It does illustrate the reason why the police may have shot the old woman.  The fact that she was elderly and apparently somewhat blind and deaf does not have any meaning when a police officer has to decide if an armed person coming towards them in the darkness is a threat or not.  In Vetter's case, he clearly hesitated to shoot; it cost him his own life and it cost his family a husband and father.  The old man was unbalanced; too bad for him.

In this case, the old woman appeared to have done some unwise things.  Not to put too fine a point on it, but too bad for her.

That's why people who choose to carry and keep weapons MUST know how and when they may and may not use them.  When tragedy results, it won't be fun.

http://www.sanmarcosrecord.com/local/x1169226920/Cop-killer-dies-in-prison


----------



## aedrasteia (Sep 27, 2012)

Bill Mattocks said:


> I feel sorry for her family.  But to be very blunt, she messed up.  There are lessons here, though, for all gun owners or for those who want to be gun owners.
> 
> http://www.whptv.com/news/local/sto...-calling-9-1-1-to/e2b1kAsGUkSsmonZ-tQv_w.cspx
> http://www.digitaljournal.com/article/333608
> ...



Bill and others

*Her* mistakes?  Lessons for whom?  All reported information tells me she is not the competent person
I think you intend to address.

An 83 year old, frightened woman, poor vision and limited hearing who has a gun which she has fired at
something she thinks are intruders, goes outside en route to a relative's house near-by (still carrying the gun)
encounters someone else with a gun.  

Am I the only person who wonders *why *this agitated, frightened and likely seriously upset, *perceptually impaired  *woman has access to a loaded firearm?  

Somebody in her family was OK with her having that gun.
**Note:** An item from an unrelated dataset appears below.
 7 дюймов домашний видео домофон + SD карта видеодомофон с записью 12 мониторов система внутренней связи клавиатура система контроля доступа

Unless it was a secret (highly unlikely).
Information about these issues is the missing core of this news report.

I will bet that she had no legitimate training or preparation what-so-ever, even
at a younger age.

Based on my experience working with women of all ages on self-protection and safety:
someone in her family thought it was OK for her to have this weapon - possibly even more than OK -
it's certainly likely that someone near to her provided the weapon (possibly but probably not at her
request).  For 'safety'.  If it was hers, acquired at an earlier age and level of competency, her family may 
have accepted her keeping it, despite her age, mental state and level of perceptual capacity. Even though
she was unable to use it responsibly, she still had it.
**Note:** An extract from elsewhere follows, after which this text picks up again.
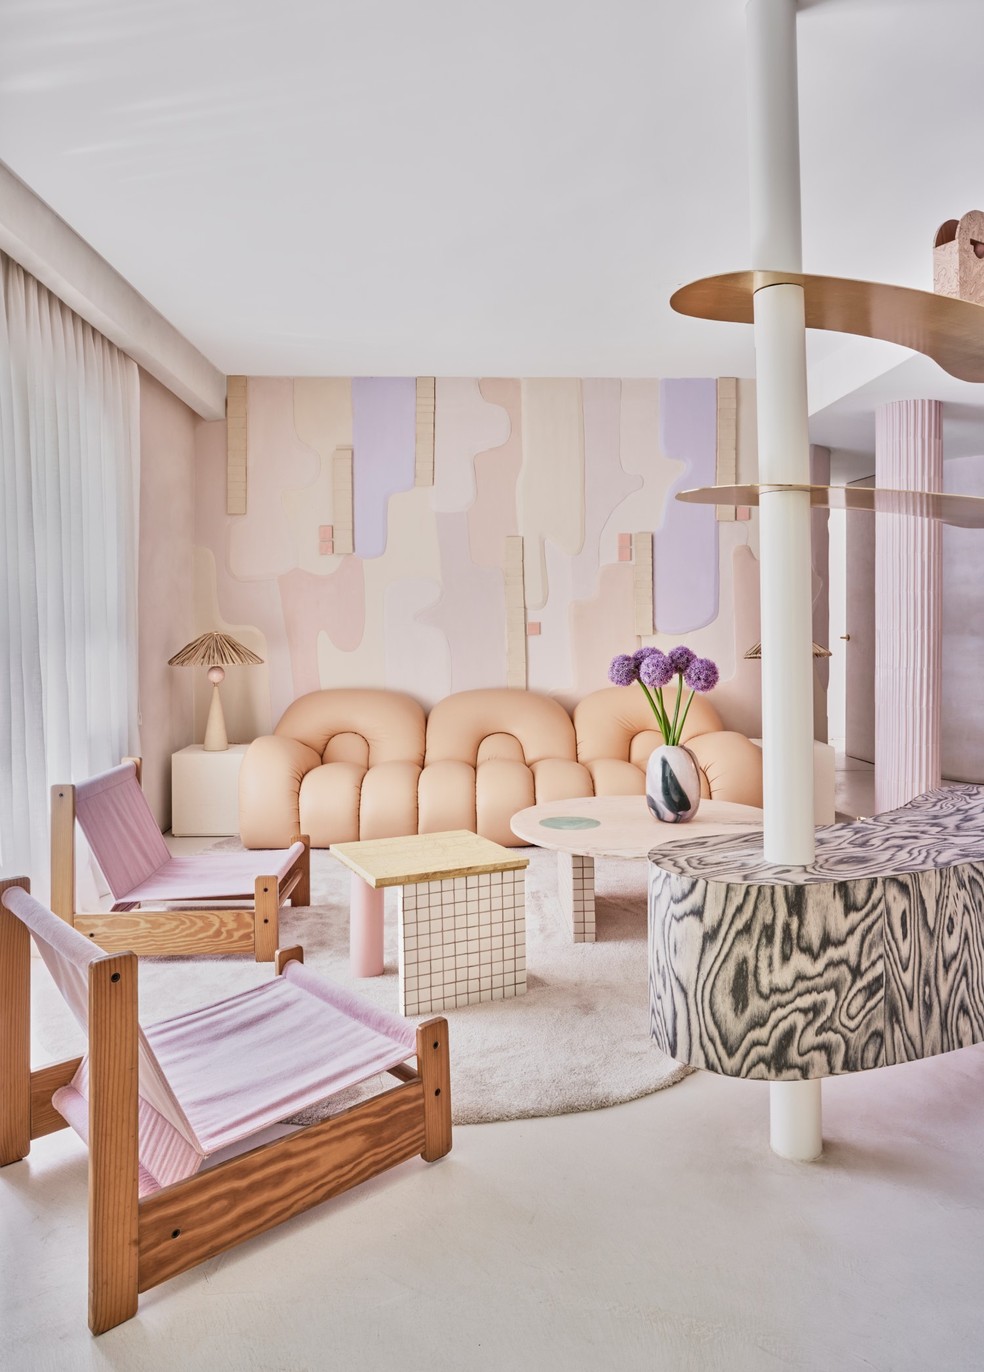 Sofá e outros móveis com curvas se destacam no conceito criado pela designer de interiores — Foto: Manolo Yllera

'Mistakes' ??  from a frightened 83 yr old woman, unable to see or hear clearly, highly agitated, terrified
and in an unfamiliar intensely adrenalized state ?    And no one anticipated this outcome?  No.  
Denial (in advance) serves useful purposes.

I'm hesitant to blame the LEs involved but I wonder about their training and prep . Too early for
criticism. ( how to approach w/caution - calm tone, use the lady's name) and I am sure the officer is devastated.
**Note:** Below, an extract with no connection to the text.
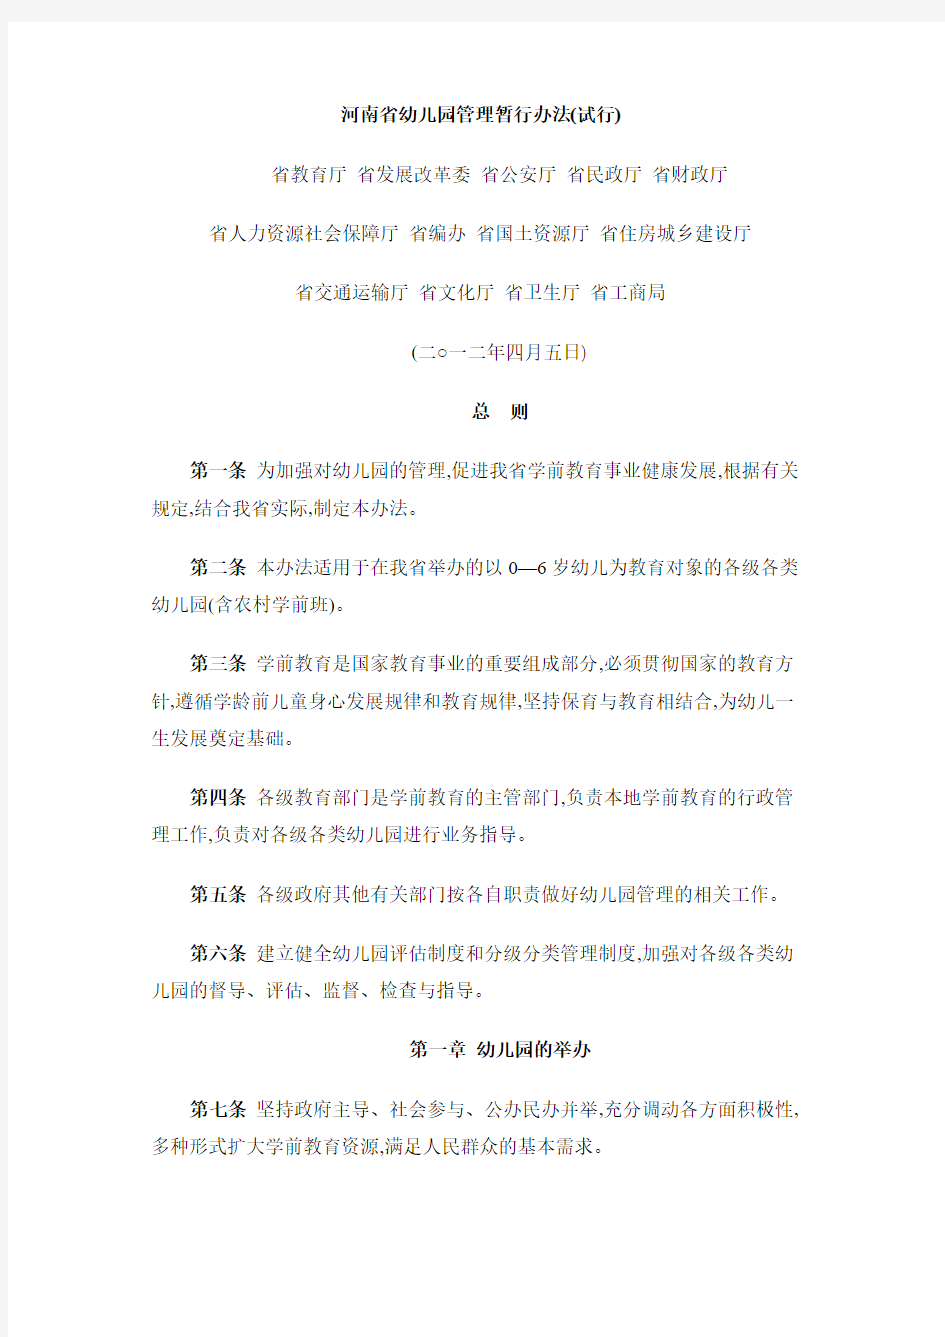 河南省幼儿园管理暂行办法(免费)

Angry, defensive enraged family members.  *But somebody gave that woman a gun or let her retain it*
despite her inability to use it responsibly: physical problems - mental confusion - impaired judgement.
And likely with no training of any kind. And  denial about her ability to see, hear, think clearly when frightened.

But her having that gun made people feel ok about her safety.

I began to address this strongly after multiple experiences with women (of different ages etc) bringing 
LOADED HANDGUNS, usually in purses, into classes and workshops.   LOADED.

They DID NOT KNOW HOW TO SAFELY CARRY or UNLOAD.  They just dropped into the purse or totebag and 
flung it around. After all, the person who gave it to them didn't tell or show them anything else and he was
a man, someone who cared about their safety, somebody who knew about this stuff, right? 

I discovered that when i asked them to unload or properly store while in class (or leave) 
AND THEY ADMITTED THEY DIDN'T KNOW HOW. and that the person who gave them the weapon
hadn't insisted on them learning anything  (much less become competent) about safe handling/using.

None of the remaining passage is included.